Dangerous species

There are no particularly dangerous species alerts for the Adriatic Sea; none of the species are lethal and unpleasant encounters can be avoided by making a note of the dangerous species and taking care when diving.

Species inhabiting the Adriatic that require caution do not attack first; their aggressive behaviour is the result of feeling threatened. A good example are moray eels. Divers will encounter them peering from a crevice or hole and, as they present a safe haven, morays will not flee, but defend their own, very aggressively. Their bite is exceptionally painful and wounds take long to heal.

Moray eels possess other hidden venoms in their blood, which are poisonous if ingested; however, they are thermally unstable and can be neutralised at high temperatures, through baking or cooking. Conger eels also have venomous blood, but they are not dangerous unless provoked.
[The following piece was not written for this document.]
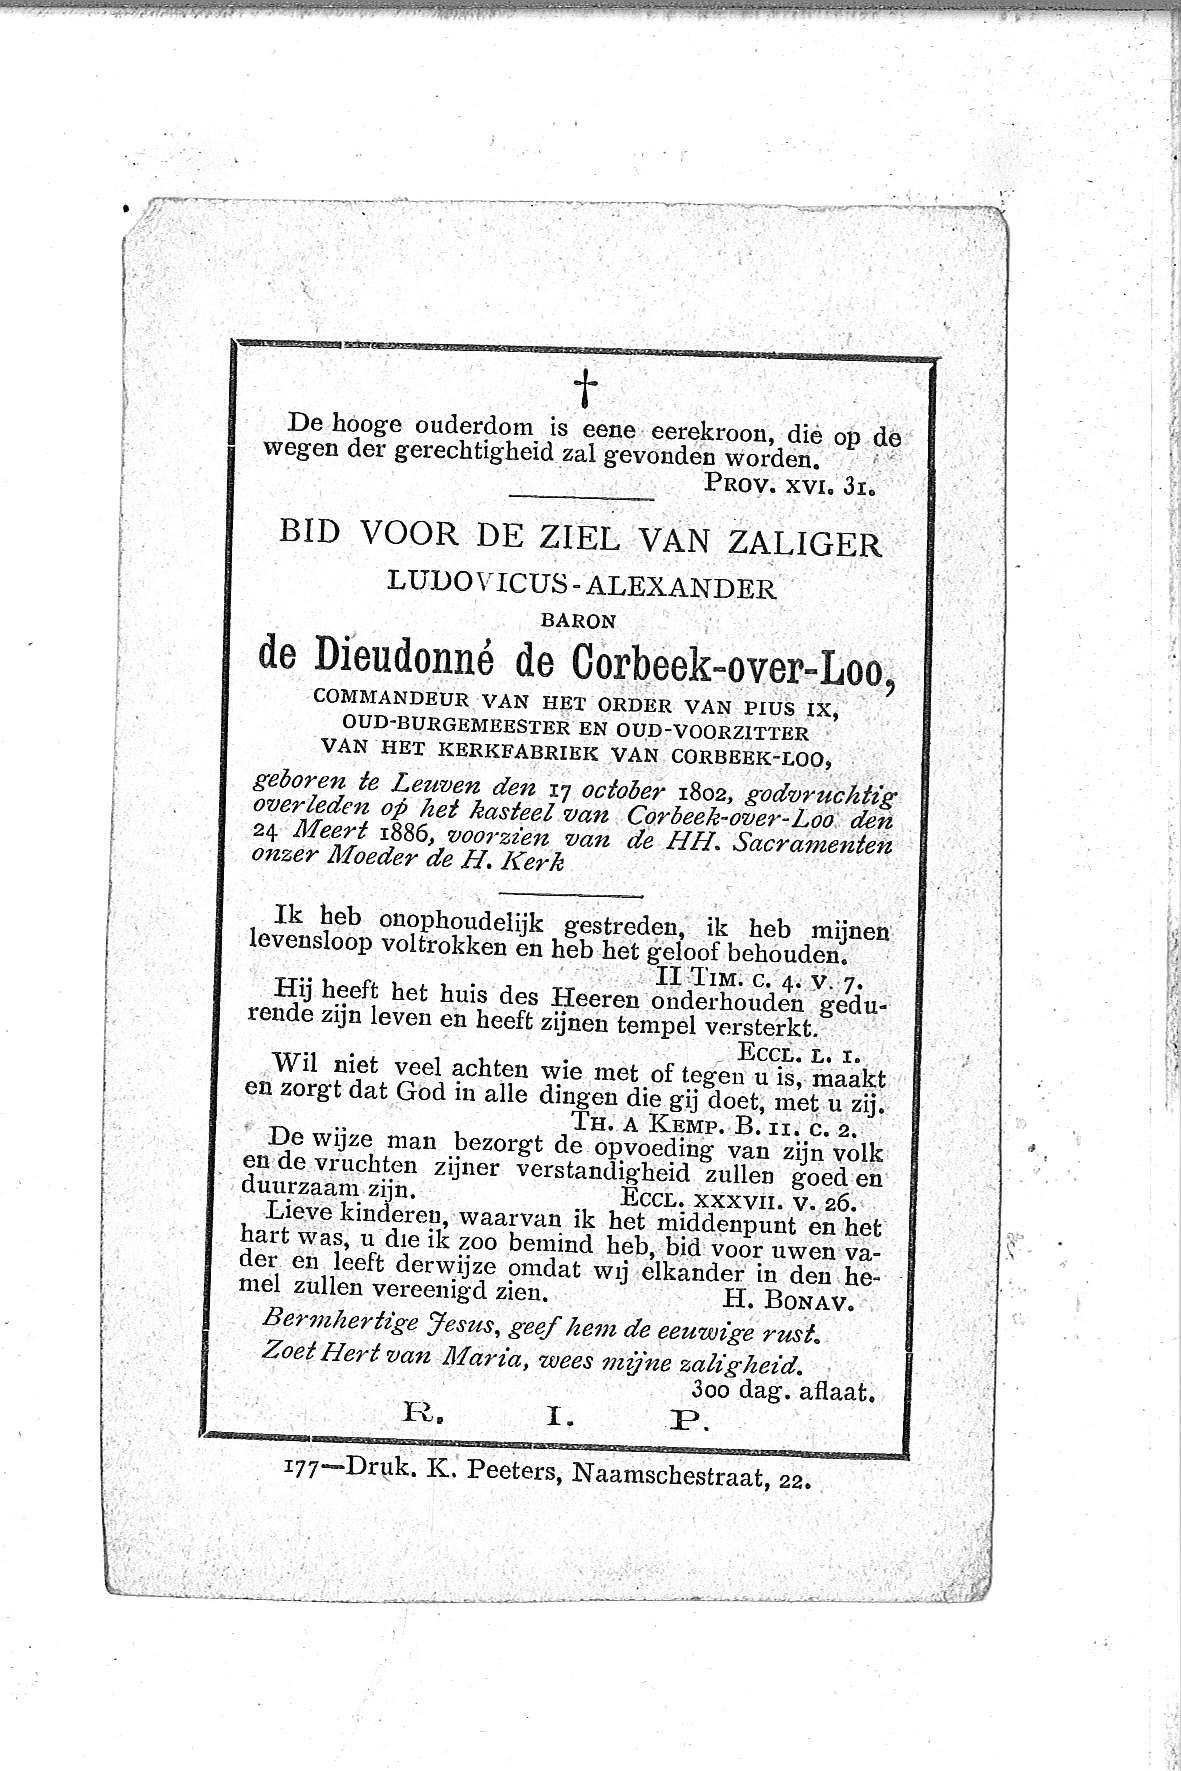 Ludovicus-Alexander-(1886)-20121025121318_00002.jpg

Moray eel (Muraena helena)

Other fish are poisonous on the outside; they have venomous spines and sacs of venom on their gill covers. The most common are various species of scorpionfish and sea scorpions, which are easy to identify. They usually rest peacefully on the seabed, trusting the venom found in their dorsal, pectoral and anal fins.

Scorpionfish (Scorpaena scrofa)

Star gazers, found in sand and silt, have venomous spines that protrude outwards above their dorsal fins. Being stung by them can be painful and cause discomfort, but this only lasts for a couple of hours.

Star gazer (Uranoscopus scaber)

One of the most poisonous fifish are weevers; the most venomous is the smallest member of the species, the starry weaver. Their spines are located on the first dorsal fin and gill covers.

Starry weever (Trachinus radiatus)

Important to note is that their most frequent victims are inattentive fishermen; a dead fish is just as poisonous as the venom remains in its spines.

Although a rare sight, divers are cautioned to beware of giant devil rays and common stingrays, whose venom is considerably weaker, but whose large tail spines can cause significant damage. Note: a distant cousin is the electric ray, whose charged sting is more of an unexpected shock than anything else.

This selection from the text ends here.